(What the exercise asks): Would you restate each line of the data below word for word, without its pictures?

(Provided data):
━━━━━━━━━━

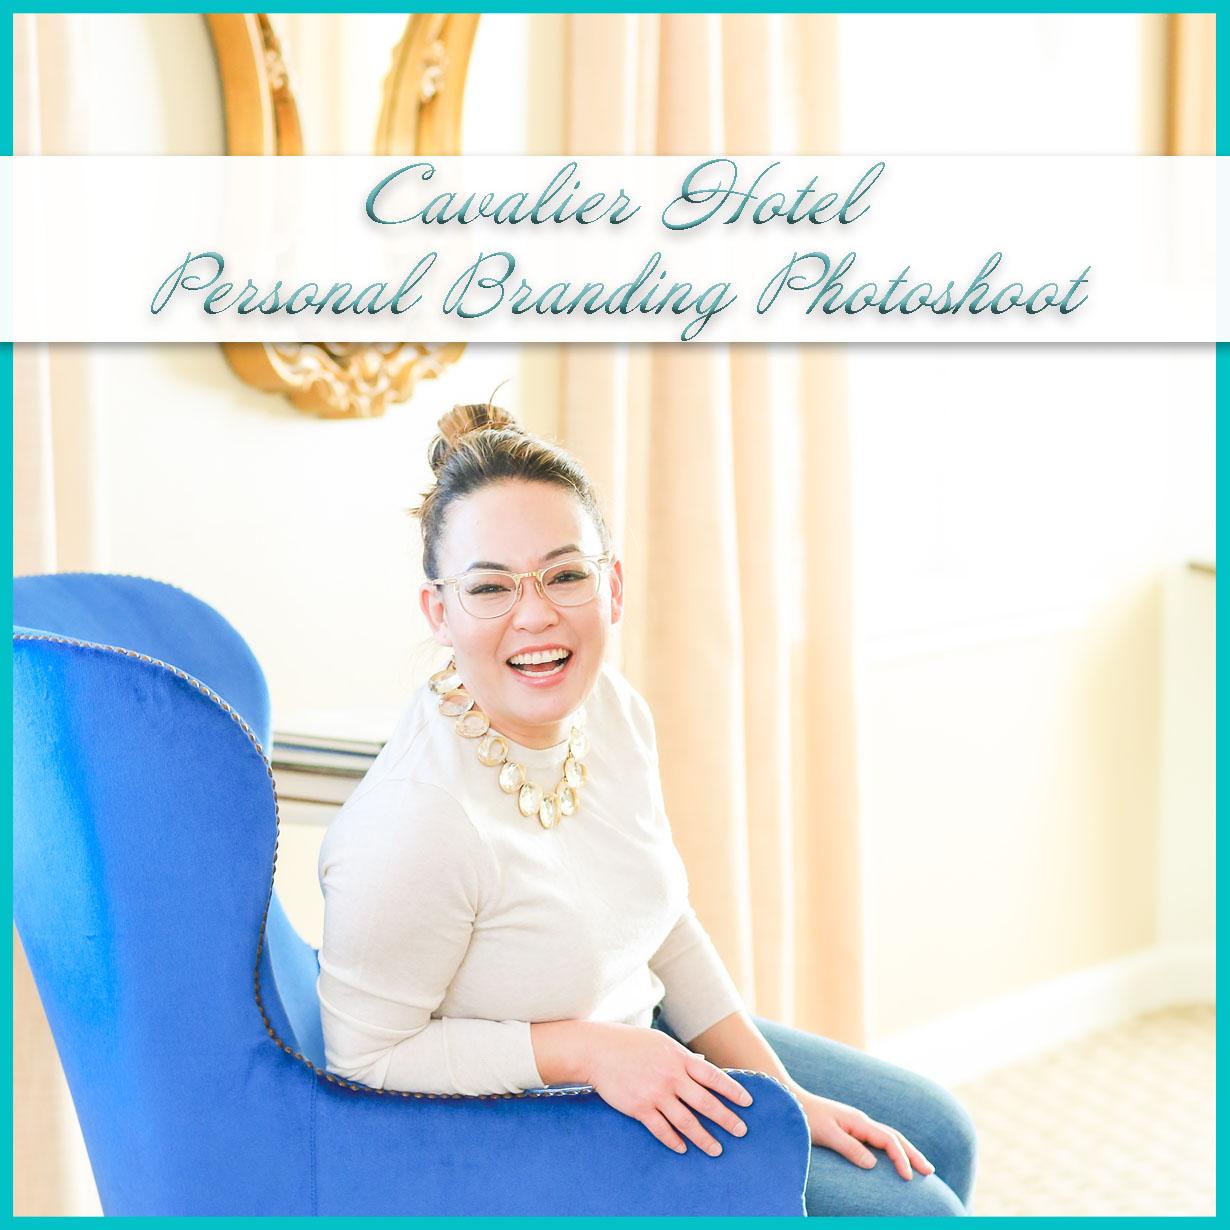 Cavalier Hotel Personal Branding Photoshoot
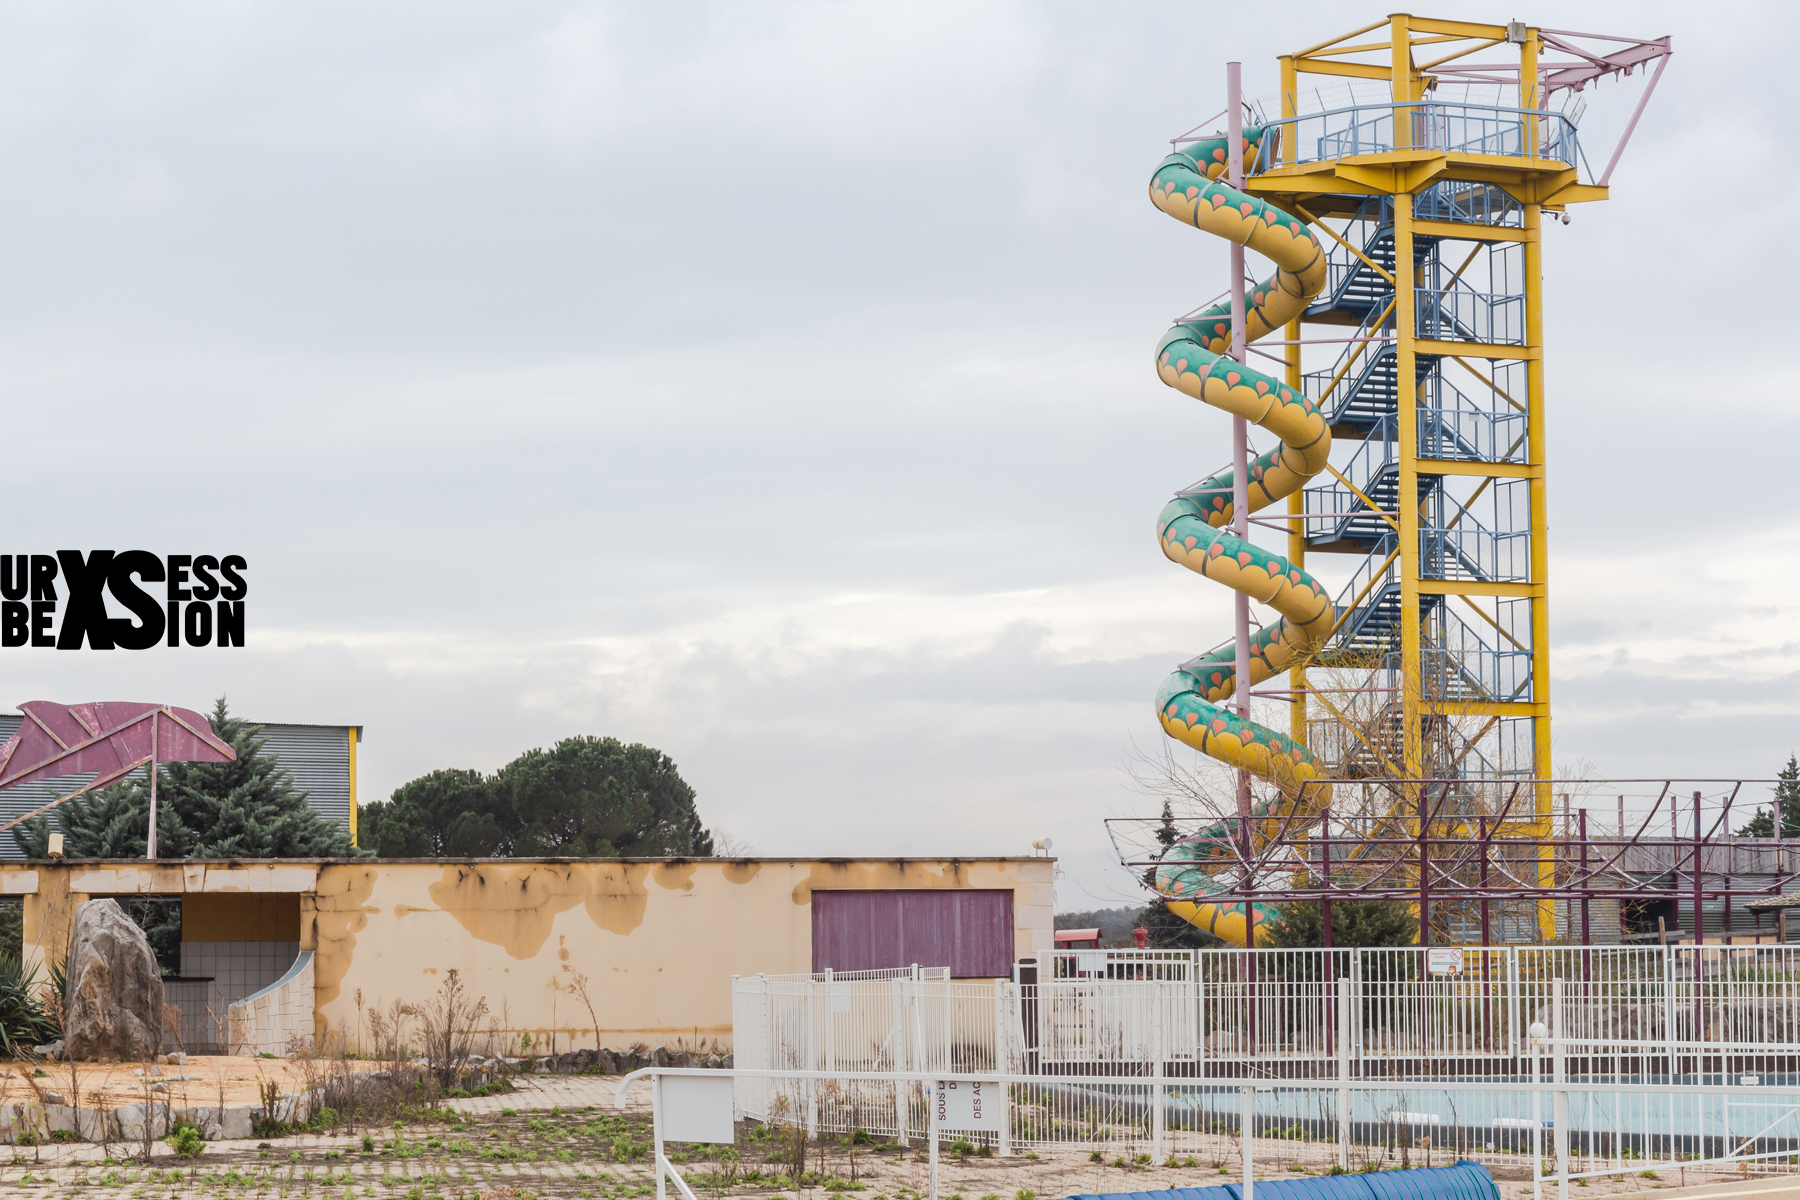 Abandoned amusement park in France | urbexsession.com/en/gacy-land-amusement-park | Urbex France
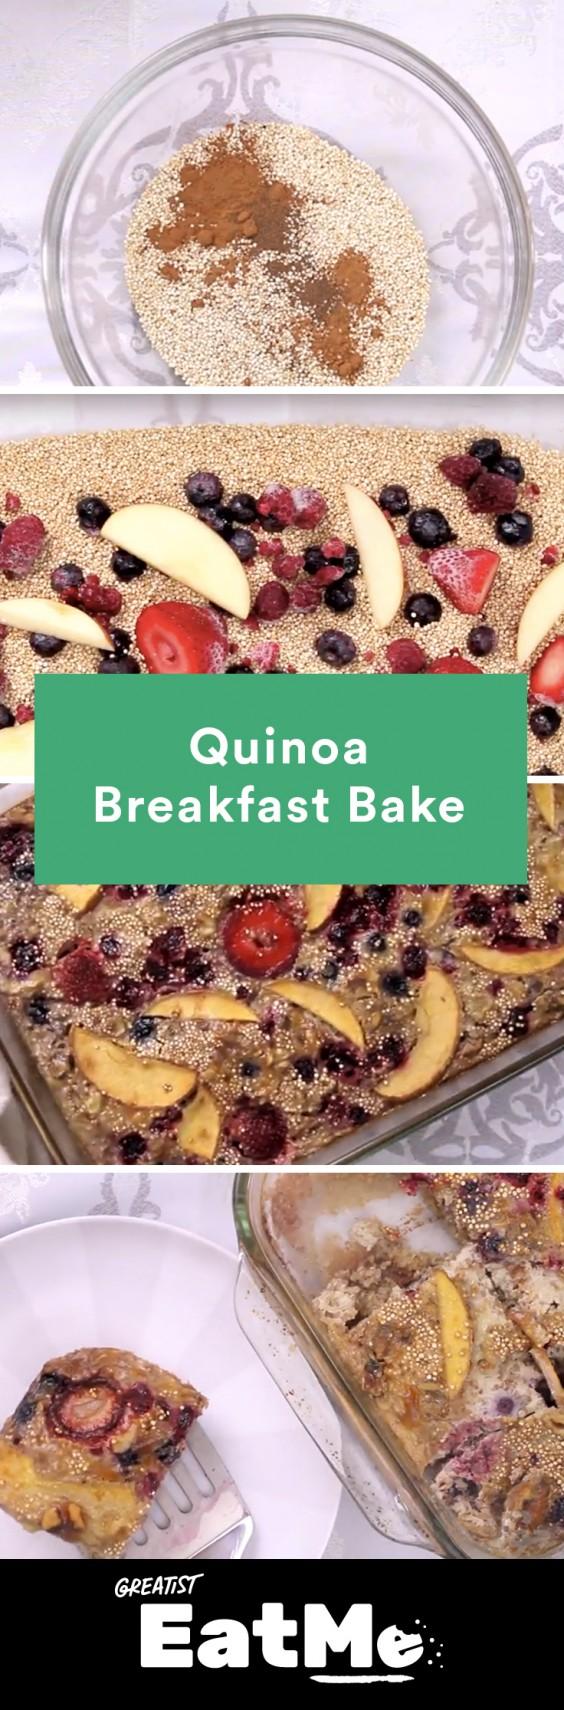 Eat Me Video: Quinoa Breakfast Bake

━━━━━━━━━━

(Result):
 Cavalier Hotel Personal Branding Photoshoot
 Abandoned amusement park in France | urbexsession.com/en/gacy-land-amusement-park | Urbex France
 Eat Me Video: Quinoa Breakfast Bake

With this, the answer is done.